Appo came from Canton which he left when he was 9 years old. He began work as a cabin boy and worked his way up to being a steward on the Thomas Harrison which arrived in Nelson in February 1842. Food was scarce during the voyage and Appo helped the adolescent boys of the Winn family by smuggling them food – a favour not forgotten.
When the boat left after 16 days in port, Appo was not on board. He had decided that Nelson was the place for him. After several days “at large” on the Port Hills, he was eventually taken into custody, charged with desertion and placed in a “House of Correction” for 30 days. Dr Renwick who had come with him on the voyage paid his fine and employed him as his housekeeper.
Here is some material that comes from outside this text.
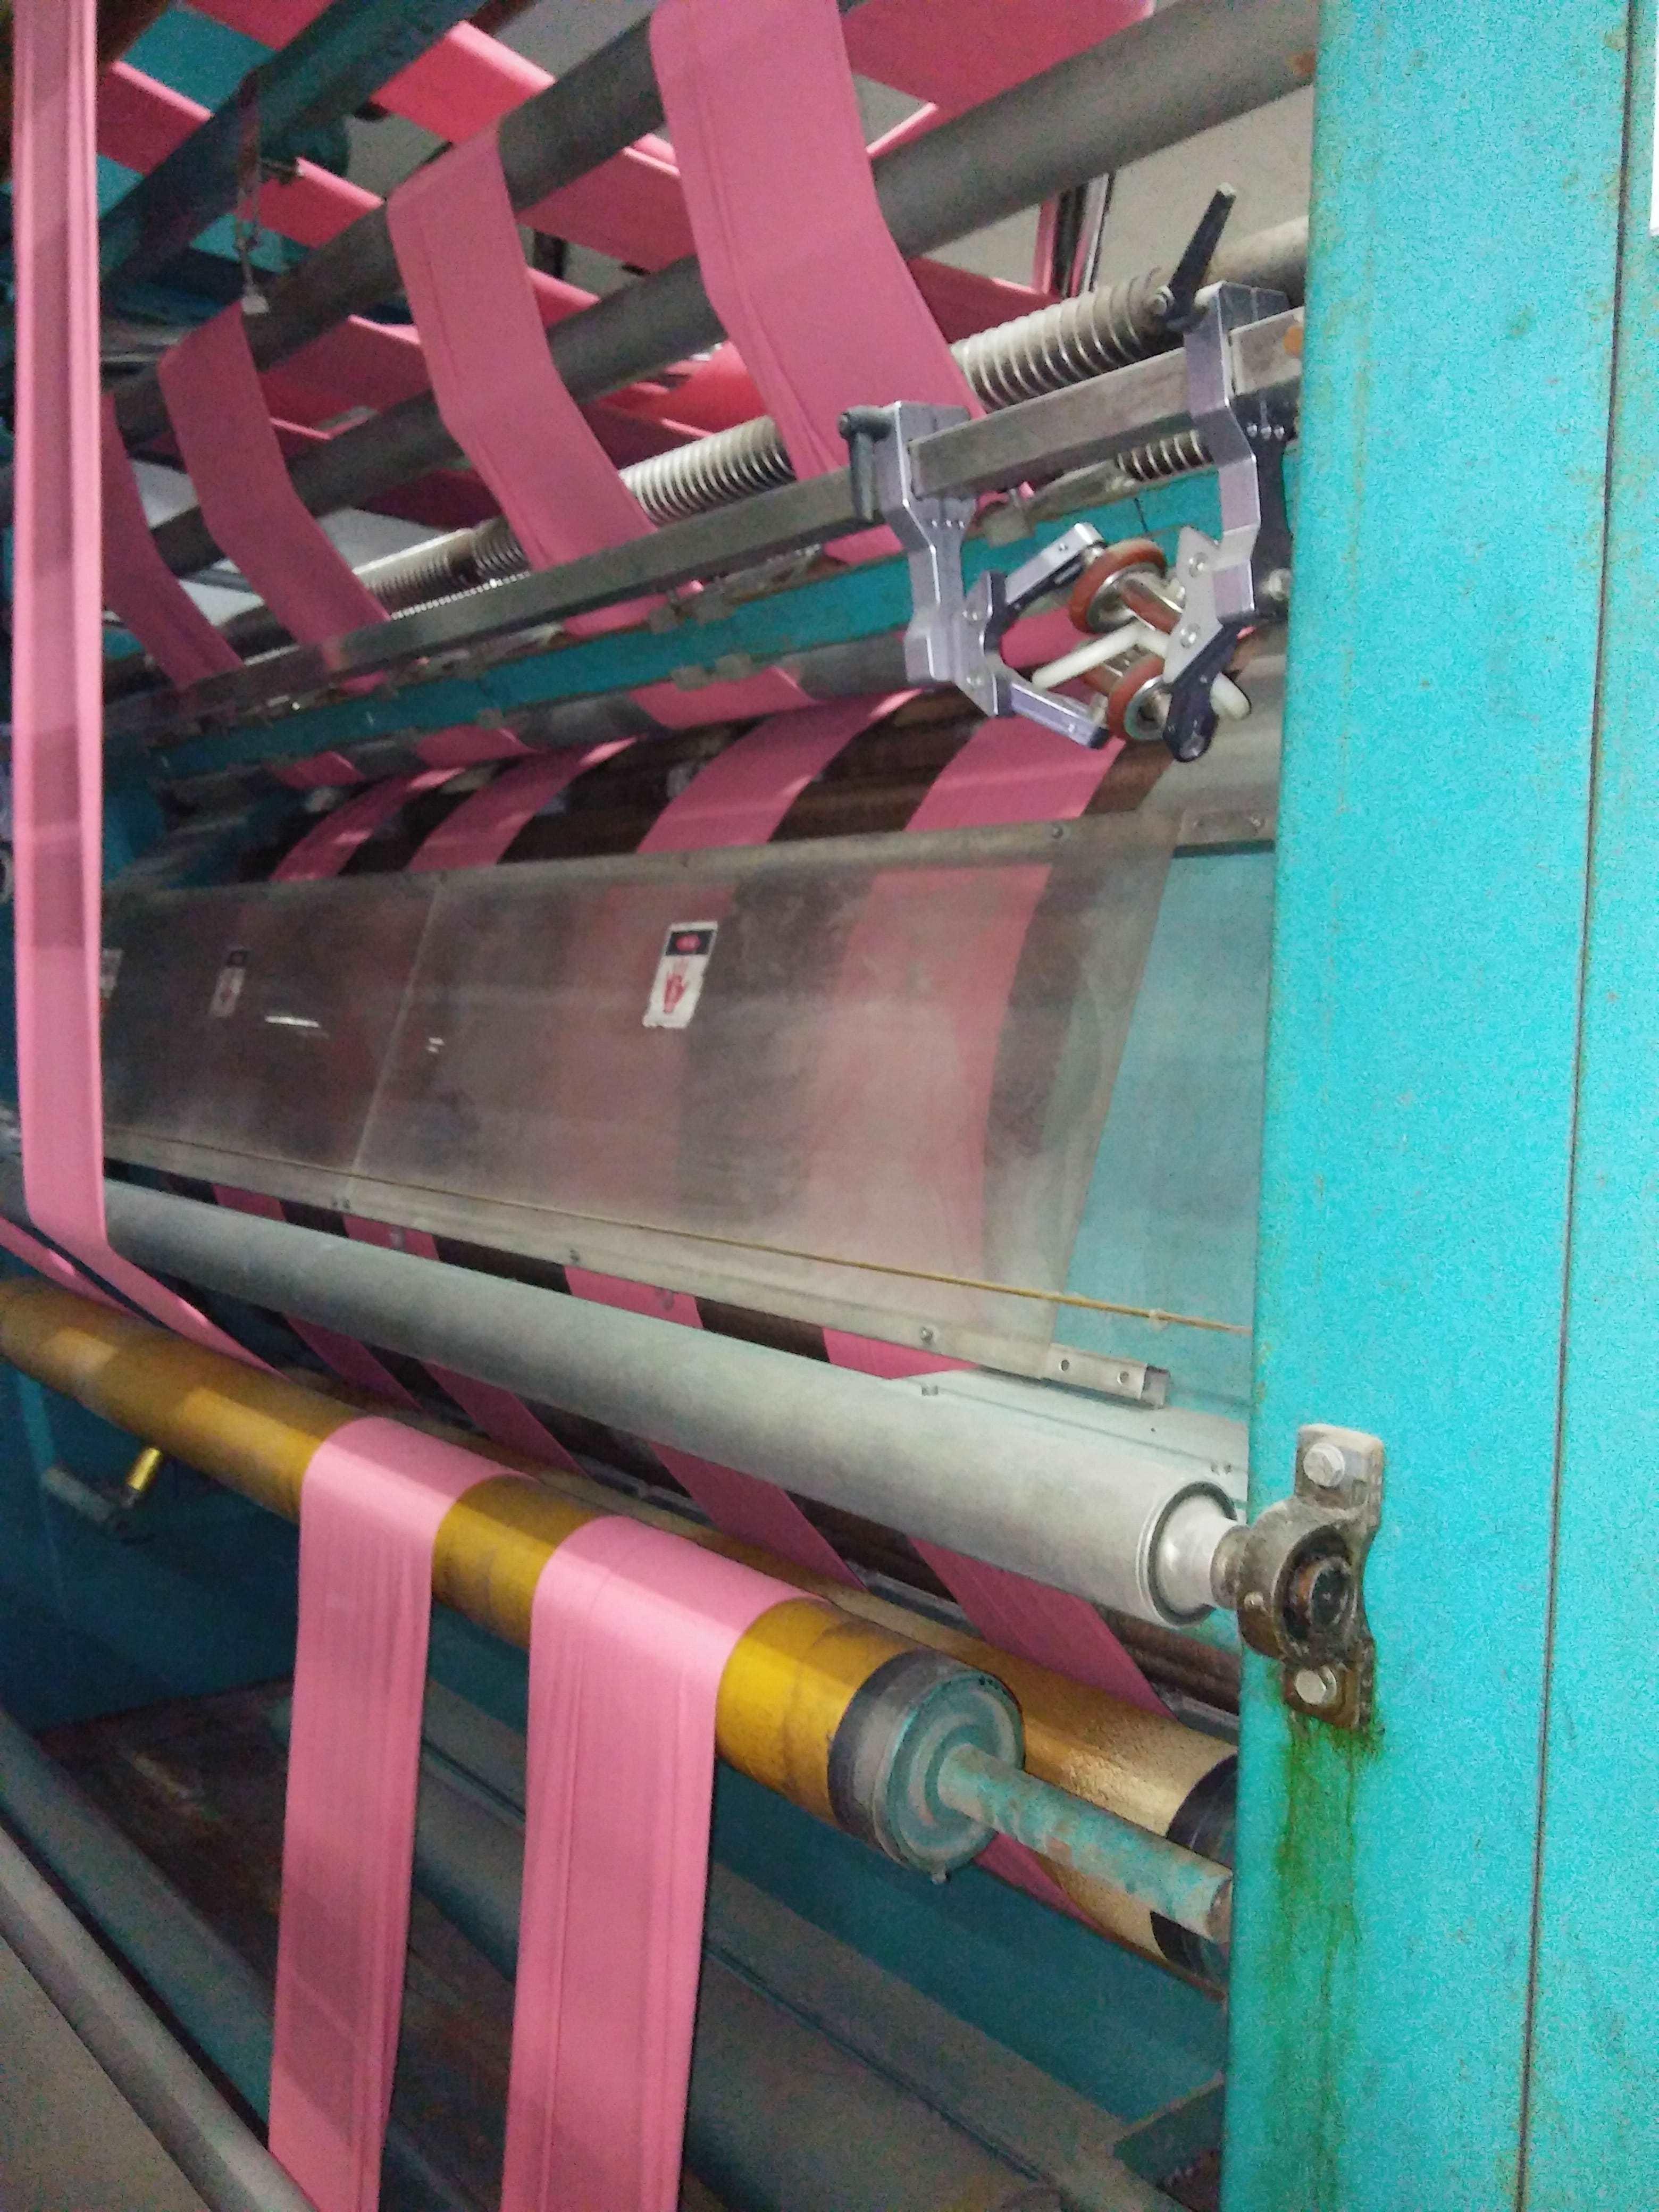 LAMPERTI RAISING MACHINE

In the 1849 Census it was recorded that he could read and write English, he lived in a thatched roof house in Bolton square and did contracting work on the roads. At this stage he could not buy land as he was classed as an “alien.
A case was put to the Governor of NZ and in 1852 he became the first naturalized New Zealander. Now he was able to buy land and build houses – which he proceeded to do. Some of his Nelson cottages are still standing: 40 Washington Road and 38 Hastings Street. Later he built 7 houses for his family in an area of Dovedale that became known as “Chinatown.”
Despite the strong anti-Chinese sentiment prevalent in the 1880’s, Appo’s standing in the parochial Nelson community was not diminished. He was accepted as a hardworking and astute citizen with a bright, charming personality, a regular attender at the Anglican church who always placed half a crown in the collection plate and something of a novelty as there were no other Chinese immigrants in Nelson.
Eventually the Hocton name died out as Appo’s descendants were mainly girls. He lost one boy tragically in a shooting accident. On reaching 100yrs he received a certificate from the Prince of Wales. When he died of senile decay in 1929 at the age of 103, sitting in his armchair, his obituary described him as “a gentleman.”
Diana’s address, which was accompanied by photos and other visual aids, was very well received. It was exciting to have the great-granddaughter of the man himself speaking to us.